Le relativisme peut s'avérer être une impasse de nombreux domaines, voire dangereux en ce qui concerne les principes fondamentaux d'une morale (qui selon moi devraient être universels.) Cependant, dans le domaine de l'art, de la contemplation, exercer un certain relativisme n'aboutit pas aux mêmes conséquences que si nous l'appliquions a des fondements moraux qui eux, ont le pouvoir de disloquer le tissu social et pousser ses individus dans un chaos ou toutes les croyances et valeurs font office de règle. Non ! L'art reste avant tout une question secondaire dans la représentation de l'homme (ce qui est dommage par ailleurs.) L'art ne salit pas des mains, ne tue pas des gens, ne conquiert pas des territoires, n'exploite pas des esclaves, n'abatardit pas une population. Sur ces questions, aucun relativisme est toléré ! Question secondaire oui mais cruciale et bien plus intéressante qui plus est car ici, le relativisme ne crée pas le désordre mais ouvre des angles de vue sur la définition de l'art.

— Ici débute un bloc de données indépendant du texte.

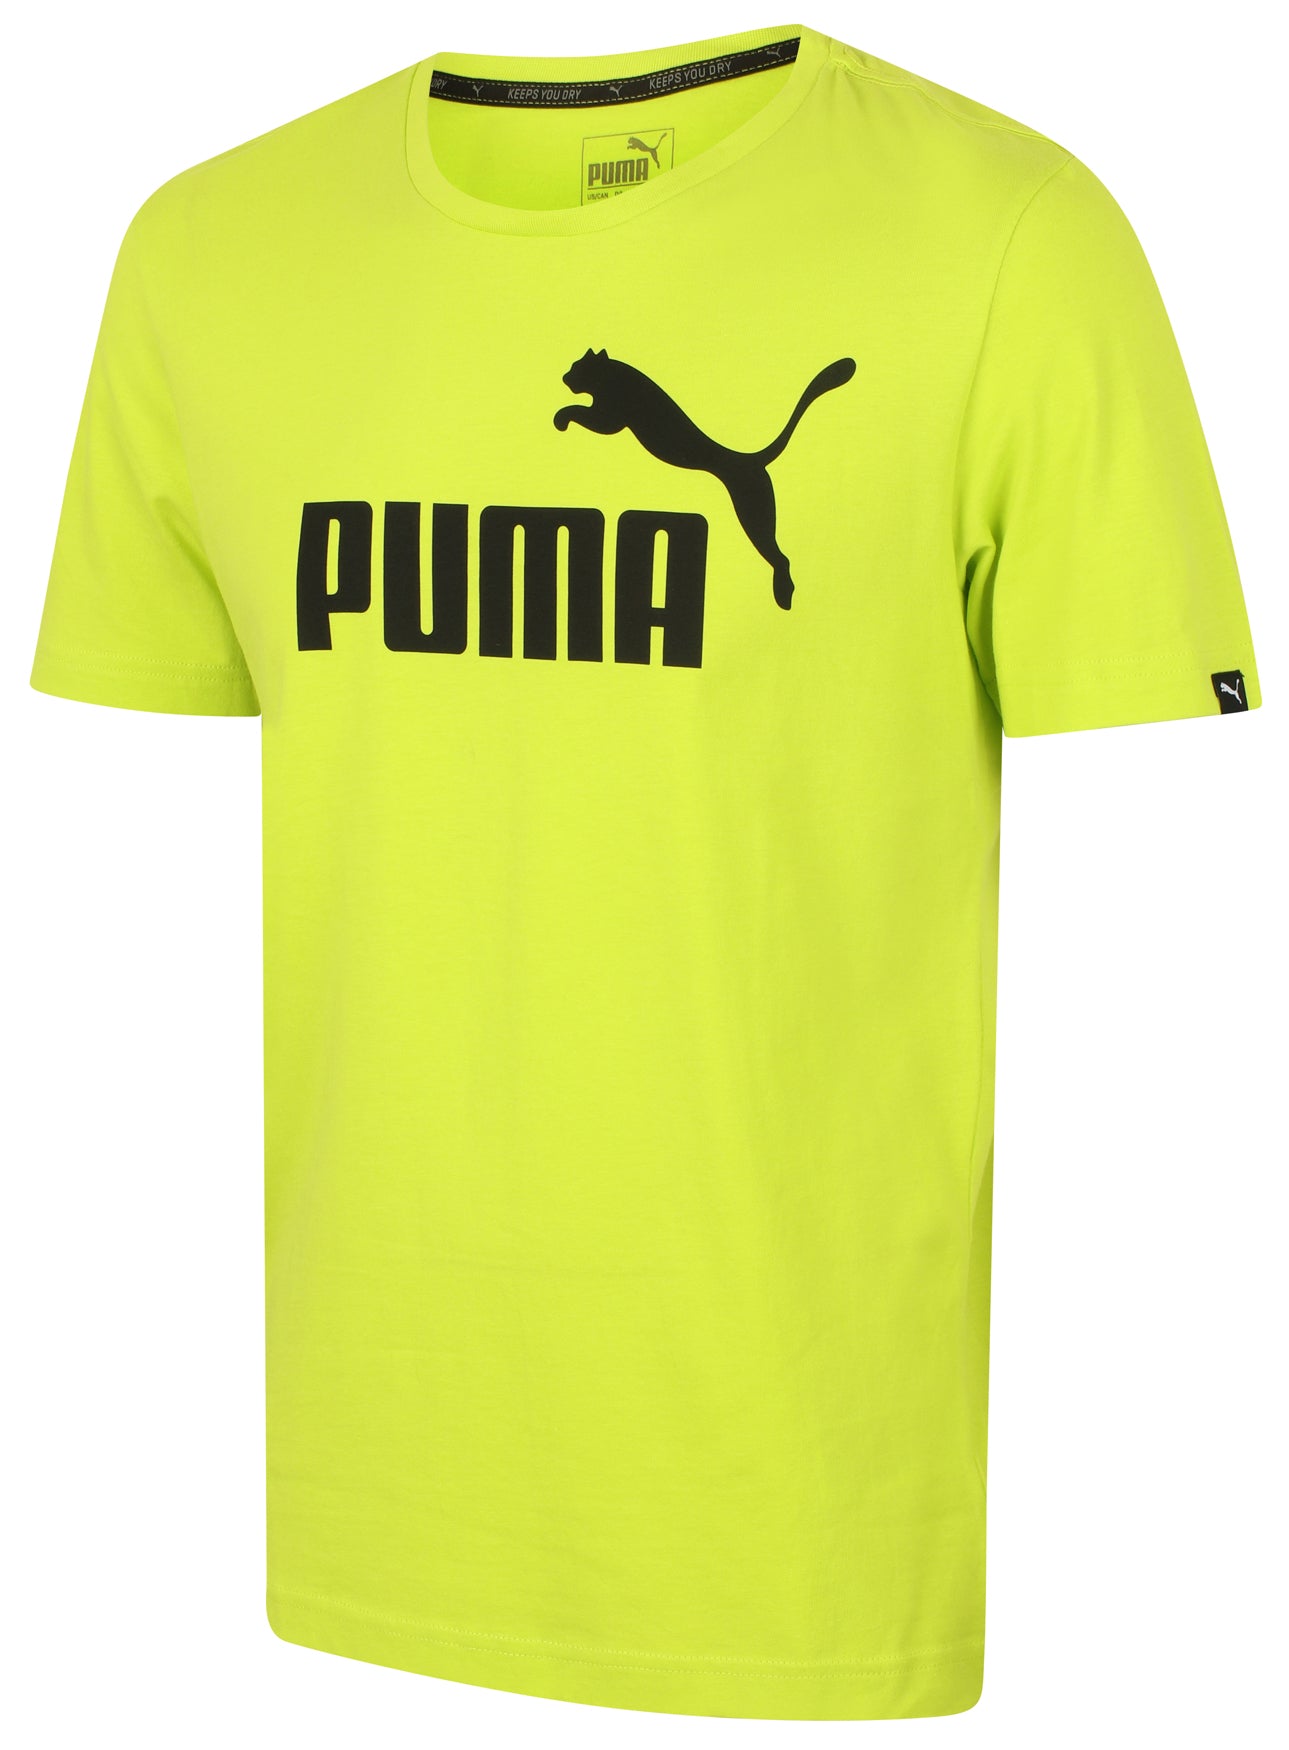 lime green puma shirt
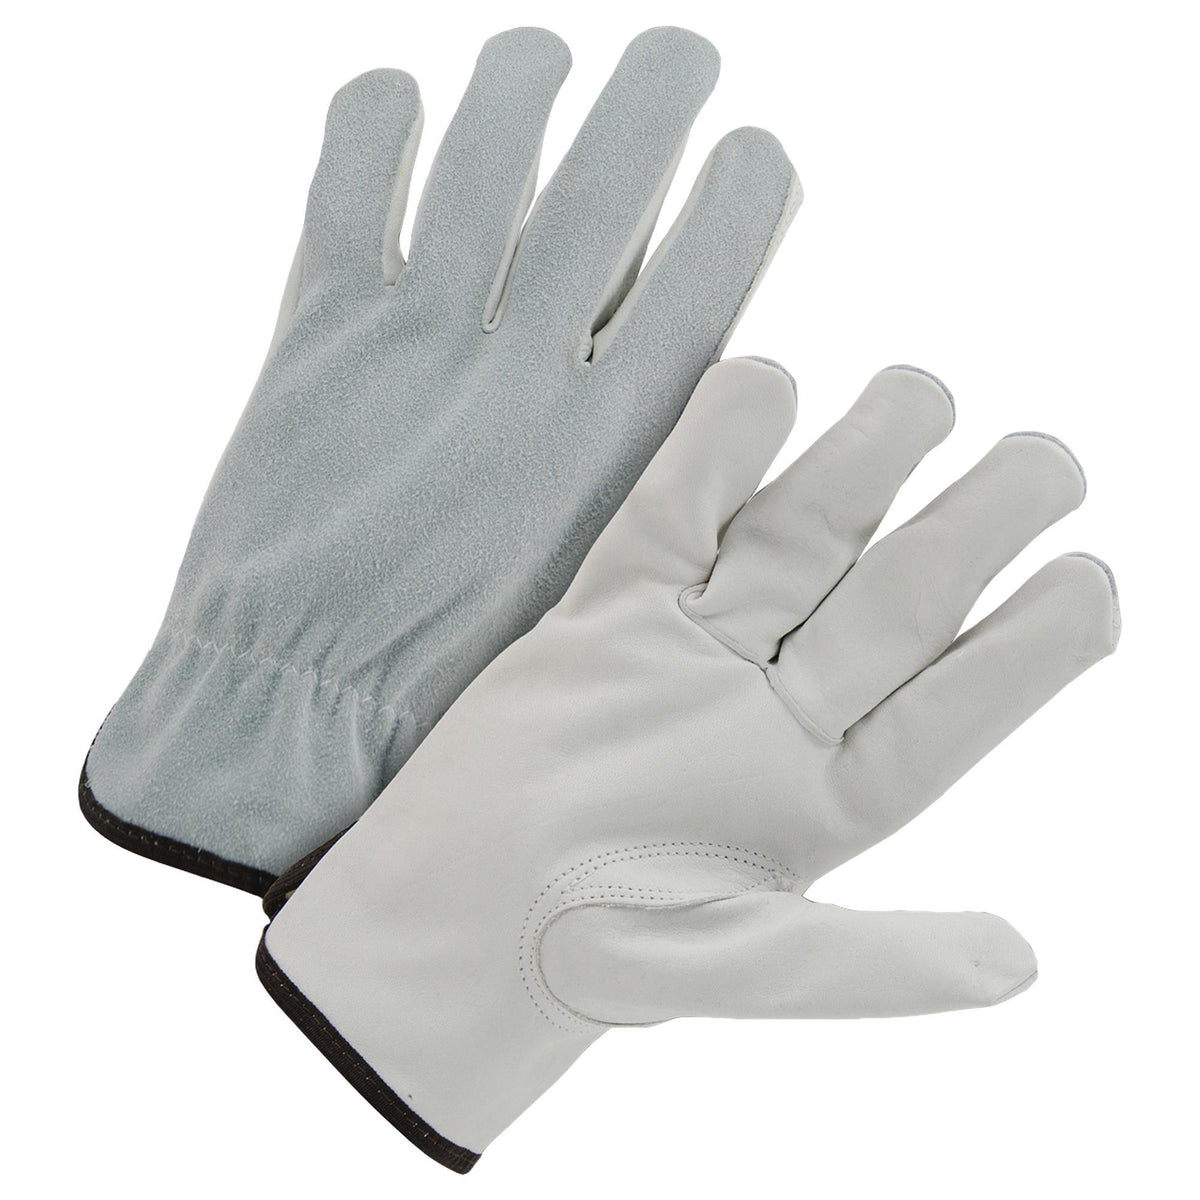 D300 Premium Leather Driving Gloves 1 Dozen

Attention, je ne suis pas en train d'interdire ici toute tentative de définition, au contraire mais tout en sachant que l'art est avant tout une question de gout, tenter de dépasser cette volonté de toujours vouloir systémiser, rationnaliser. C'est aussi ce qui fait de l'art notre plus belle réussite humaine, la créateur crée mais est dépassé par ce concept même de création à priori sans mobile. Oui, l'art a sa mystique propre que chacun porte en soi de manière personnelle. Voilà pourquoi je me permets de ne pas conclure, de ne pas cimenter de manère absolue la réponse à cette question. Ce qui ne m'empêche nullement d'amener quelques réflexion au débat. ( ce qui est drôle par ailleurs soit dit en passant car je me rends compte à présent que dans ce domaine, je cherche une réponse sans même vouloir la certitude qu'elle soit correcte. Décidemment, penser est bel et bien un jeu!)